Consider how Subramanian measures China’s growing power. He cites the ability of Beijing to convince African countries to recognize it instead of Taipei, but outmuscling Taiwan diplomatically is hardly a sign of global leadership. He sees the ease with which China undervalues the yuan by pegging it to the dollar as proof of the country’s strength, but hiding behind a foreign currency is not a sign of economic might. He forecasts that China in 2030 will have an economy that is one-third larger than the United States’, yet he admits that it will remain only half as wealthy.

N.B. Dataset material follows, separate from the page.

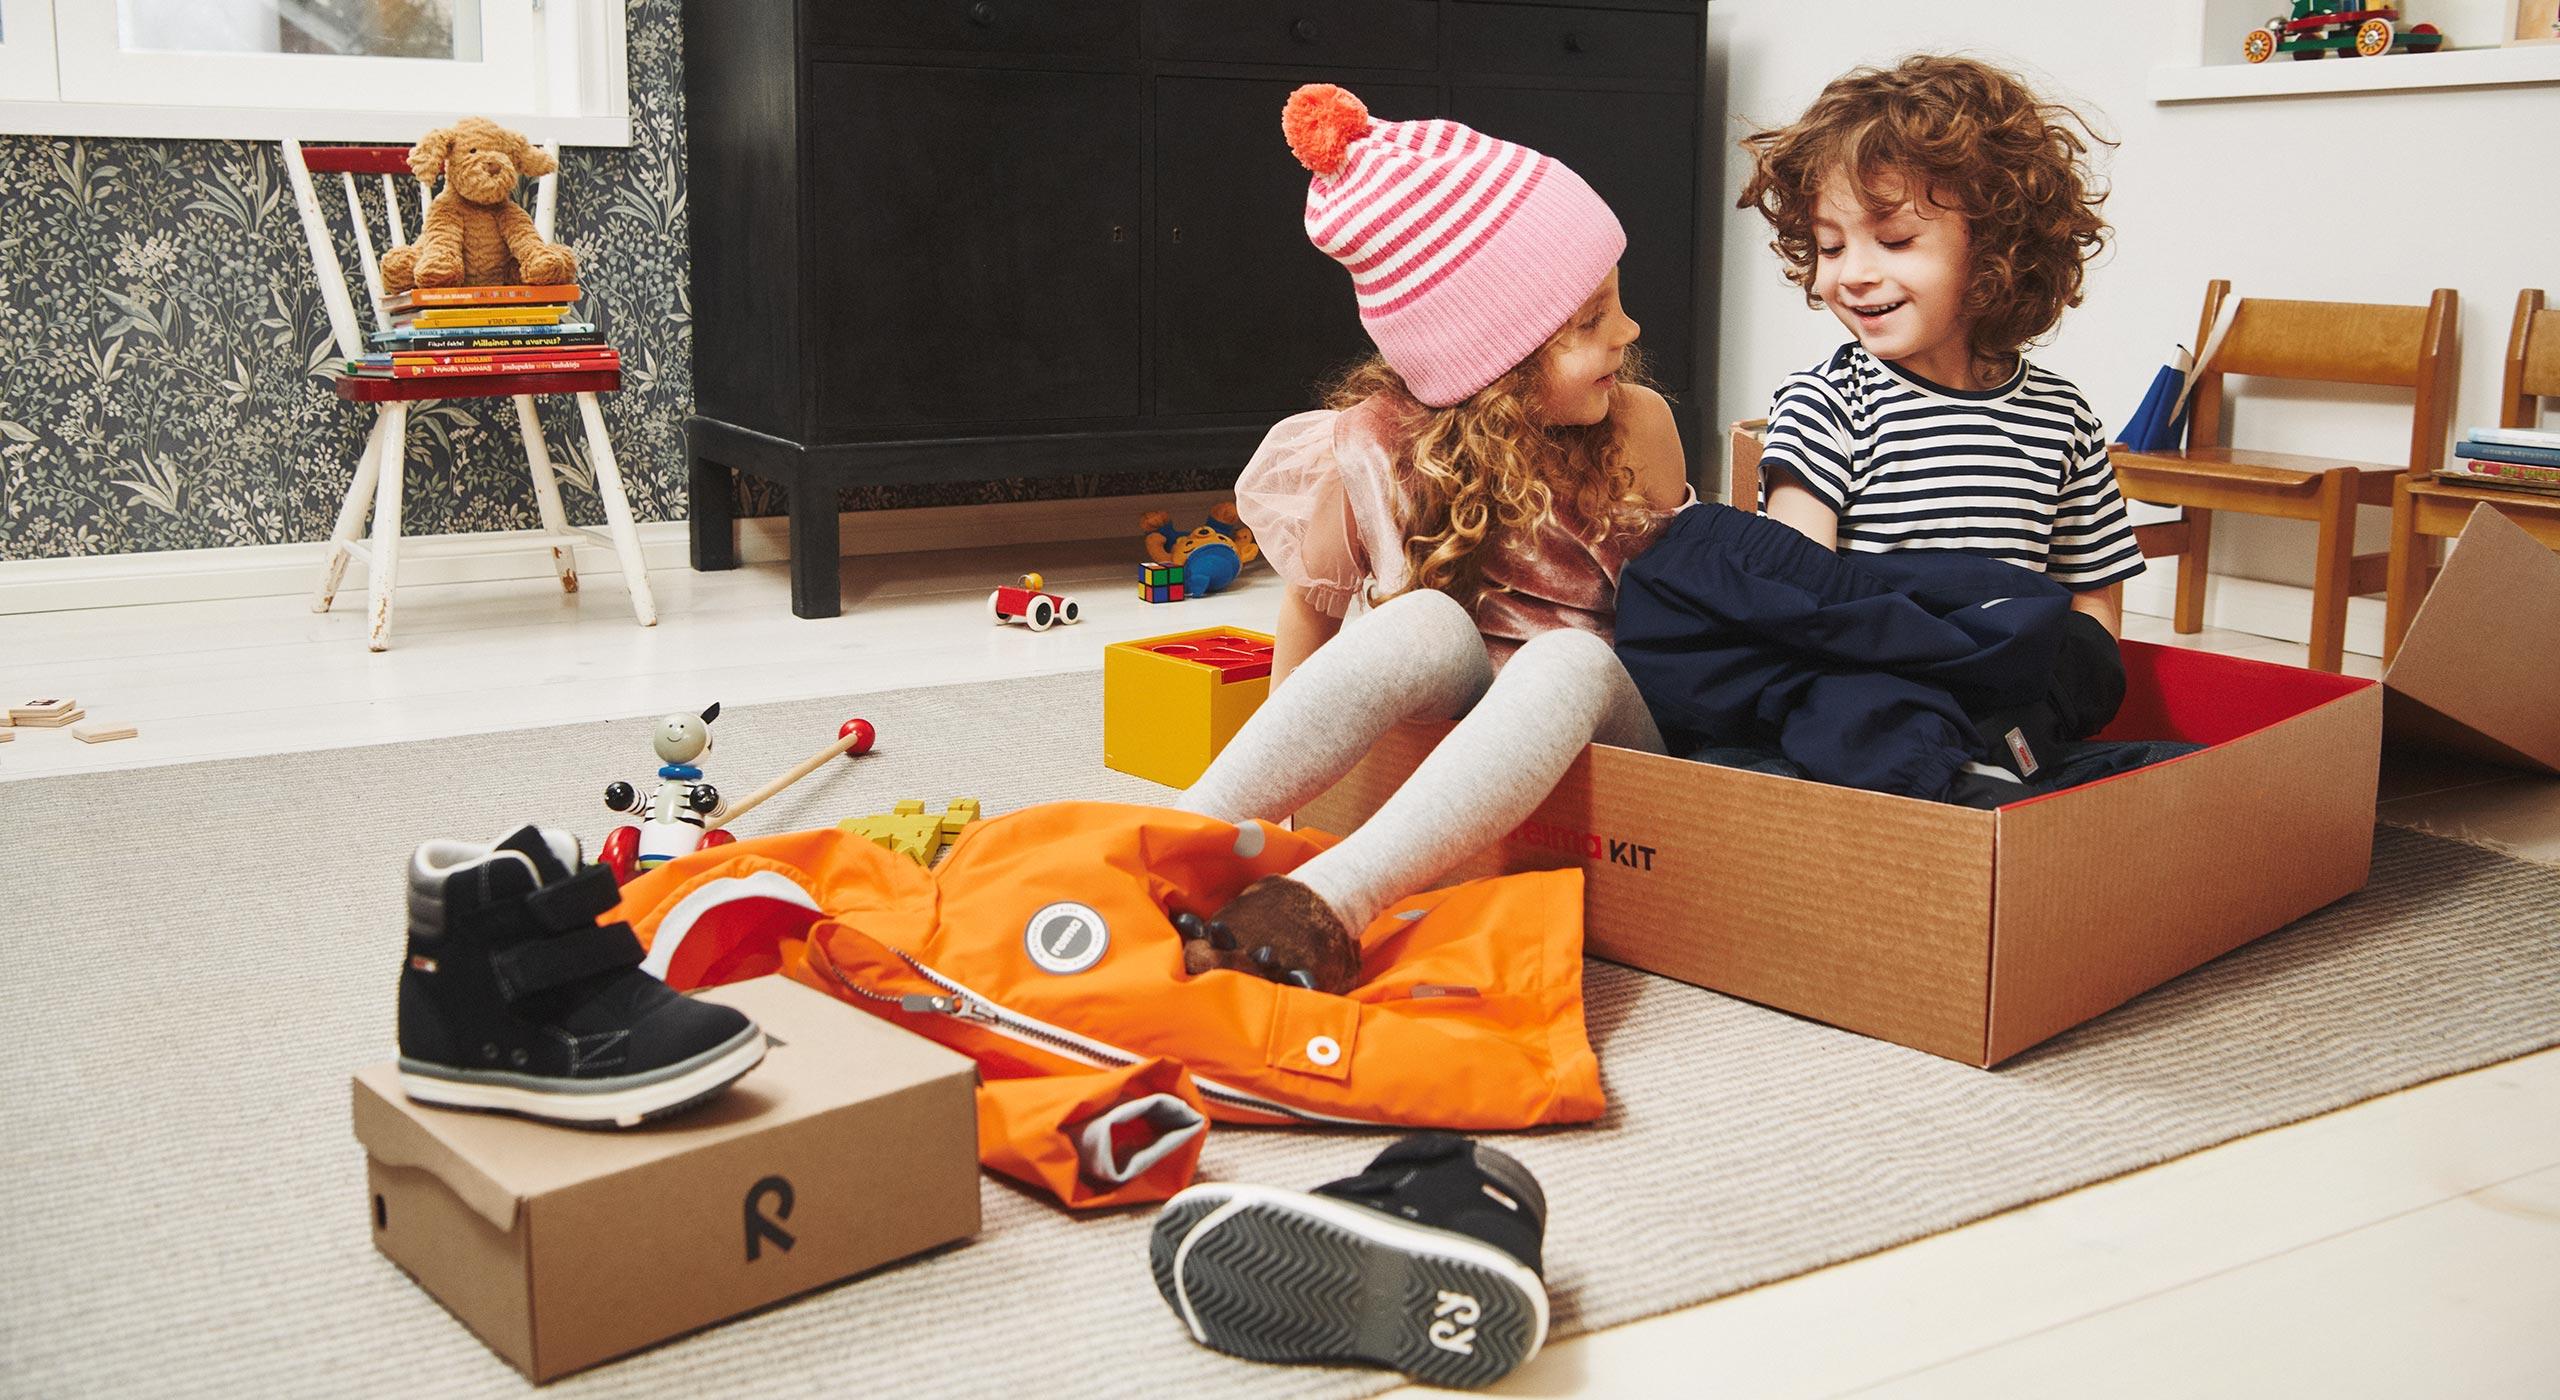 Kids playing with Reima Kit box

These are notable trends, to be sure, but not ones that indicate China will attain anything close to the position the United States has held over the past 60 years.
The biggest flaw in Subramanian’s index of dominance is the importance he assigns to China’s status as a net creditor. Based on this alone, he is prepared to say that China’s economic strength is already comparable to that of the United States. But China’s creditor status does not make up for the fact that its economy is presently less than half the size of the United States’ and its people are barely one-tenth as wealthy as Americans.
Creditor status is also a misleading metric by which to judge China because it is usually used to describe financially open economies, and China is largely closed. Countries with open economies can invest their money in many places. Beijing, because it cannot spend its foreign reserves at home, is forced to keep buying U.S. Treasury bonds.